Serum concentration of sVCAM-1 and vWF were measured by quantitative sandwich enzyme immunoassay technique (ELISA) using different commercial kits (American Diagnosticafor sVCAM1 and R&D Systems for vWF). Standard manufacturer recommendations were followed and all tests were run in triplicate.
Other measurements included: (1) total serum creatinphosphokinase and its MB fraction, which were serially assayed in the perioperative period to assess enzyme baseline values and peak elevations, for the severity of surgery-related injury to skeletal muscle or to the myocardium to be evaluated; (2) complete blood cell counts (aiming at monitoring leukocytes and platelets), which were obtained preoperatively, immediately after aortic declamping, every 12 hours for at least 3 days as well as 14 days after surgery; (3) myocardial radionuclide scans, which were obtained 5 to 10 days before and 60 days after surgery to assess resting as well as effort myocardial perfusion and left ventricular systolic function. The single photon emission computed tomographic (SPECT) imaging with 99mTc-Tetrofosmin or 99mTc-MIBI were used according to a 2-day protocol as specified in the procedure guidelines for radionuclide myocardial perfusion imaging.23 The extent of ischemia was expressed as the summed difference score (SDS), which was calculated as the difference between the summed stress score (SSS, the ischemia score assigned during exercise test) and the summed rest score (SRS, the ischemia score assigned at rest): SDS=SSS-SRS. In addition, scintigraphic ejection fraction was calculated both at rest and at peak exercise. In 3 patients preoperative scan were performed in a different center so that reliable pre- versus postsurgery comparisons could not be obtained. Our evaluation is thus limited to 10 standard dose versus 9 higher dose treatment patients.

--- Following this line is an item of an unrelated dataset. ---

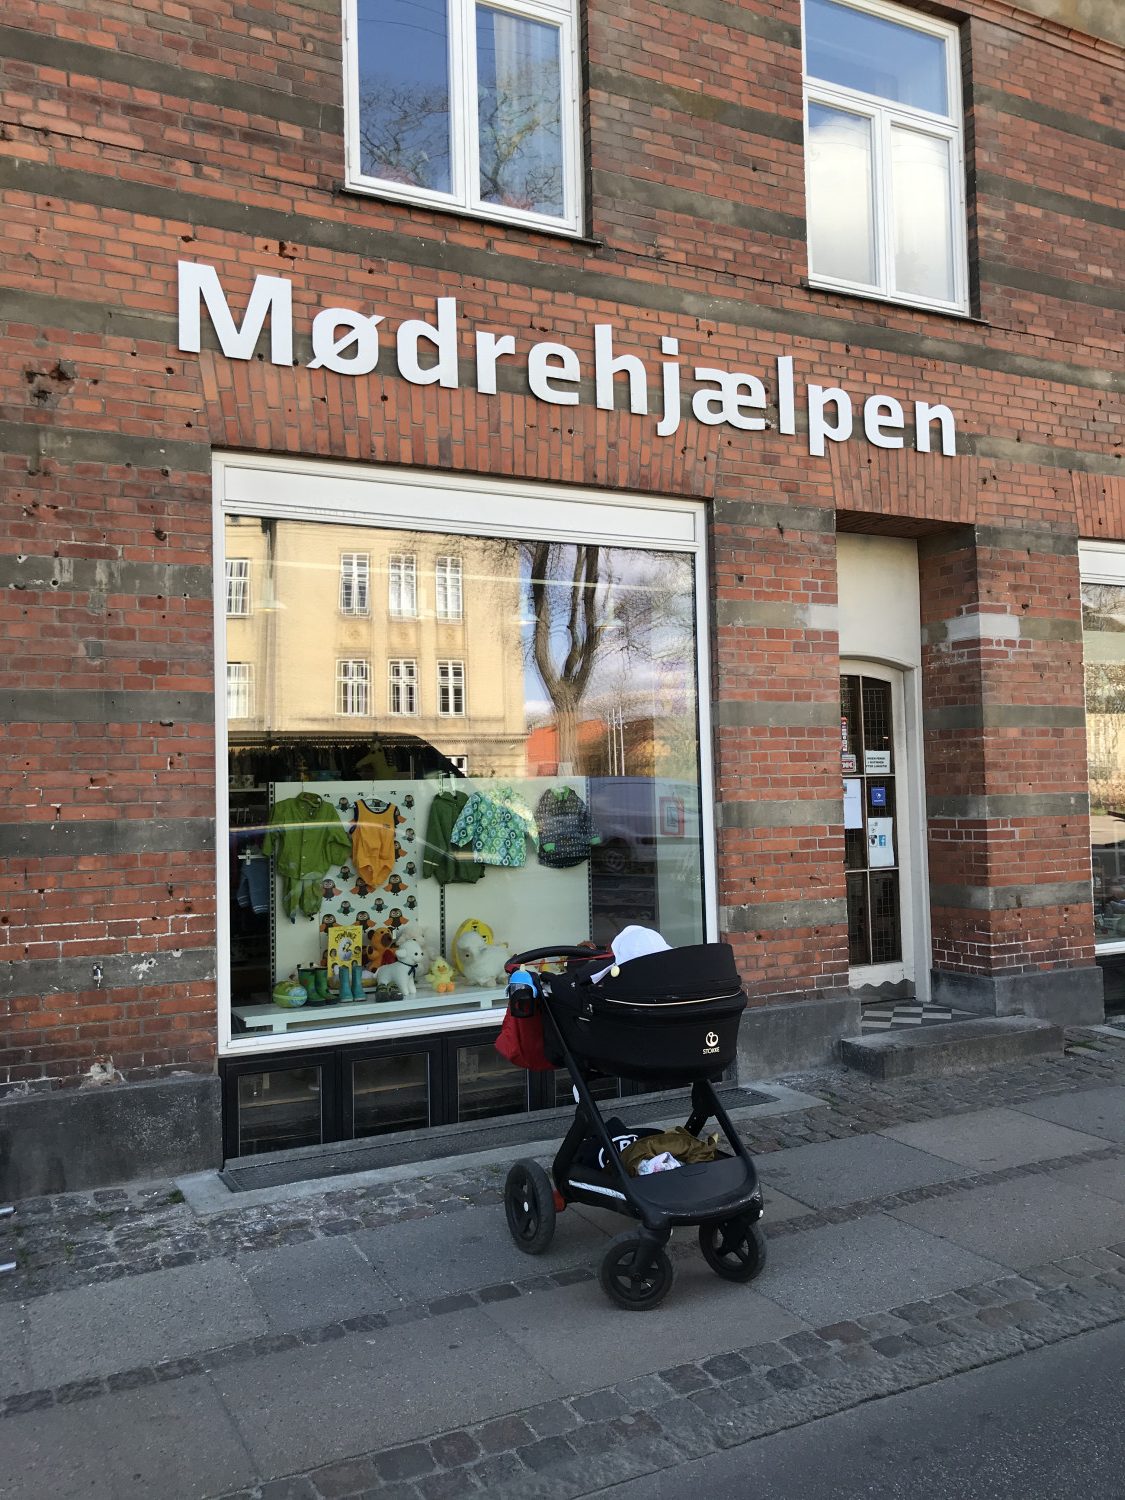 brugt børnetøj i København FASHION | Blog

Because IL-6, TNF, and E-selectin were found to be not normally distributed (Shapiro-Wilk normality test: P<0.05), significance of the procedure-related changes within groups at the different times was assessed by the Wilcoxon rank test whereas the between group differences were assessed by the Kruskal-Wallis rank test (P<0.05).24
Pre- versus postoperative blood cell counts, CK enzyme assays, and SDS scintigraphic indexes were tested by the Mann-Whitney U test. For each test, the level of statistical significance was set at P<0.05.
The baseline patient characteristics were largely similar in the 2 groups and are summarized in Table 1 (means±SEM), whereas the respective treatment characteristics and the marked between group differences in the actually administered drug doses are shown in Table 2; in the latter it is apparent that most patients received distinctly low doses of both ACEIs and statins. The types and doses of drugs administered to the high dose group patients before randomization were largely similar to those of the standard group patients (data not shown).
In the standard therapy group, plasma concentrations of TNF-α were low (<2 pg.ml-1) at baseline but showed a striking CABG surgery-related increase. The increase was in the order of 15- to 20-fold and was evident in the samples drawn from an artery (Figure 1, dotted bars, upper panel) or a systemic vein (data not shown), as well as from the coronary sinus (Figure 2, dotted bars, upper panel). A similar pattern was observed for IL-6 (Figure 1, dotted bars, lower panel; Figure 2, dotted bars, lower panel). The increase in plasma concentrations of cytokines was sustained in time and did not vanish until at least 6 hours post-surgery for TNF-α and even much longer than that (up to at least 24 hours) for IL-6 (Figures 1 and 2⇓).
At variance with the former group, the high dose therapy group was characterized by virtually entirely suppressed surgery-related changes in the plasma concentrations of TNF-α in both arterial (Figure 1, hatched bars, upper panel) and coronary sinus blood (Figure 2, hatched bars, upper panel). A marked early suppression of the surgery-related increase was also observed for IL-6 (lower panels of Figures 1 and 2⇑), although in this case there was a later rise so that in the time window between 6 and 24 hours the pattern of IL-6 changes was similar in the 2 groups.
The plasma concentrations of E-selectin underwent a modest but significant surgery-related increase, with venous values about twice as large as before surgery since the time of anesthesia induction through the following 24 hours; arterial as well as coronary sinus samples revealed E-selectin values largely similar to the time-matched venous ones. At variance with the patterns observed for cytokines, the surgery-related increase in E-selectin was modestly and inconsistently affected by high-dose statin/ACE-inhibitor treatment (data not shown).
vWF and sVCAM-1
Similarly to E-selectin, these factors also failed to undergo sizeable surgery- or treatment-related modifications (data not shown).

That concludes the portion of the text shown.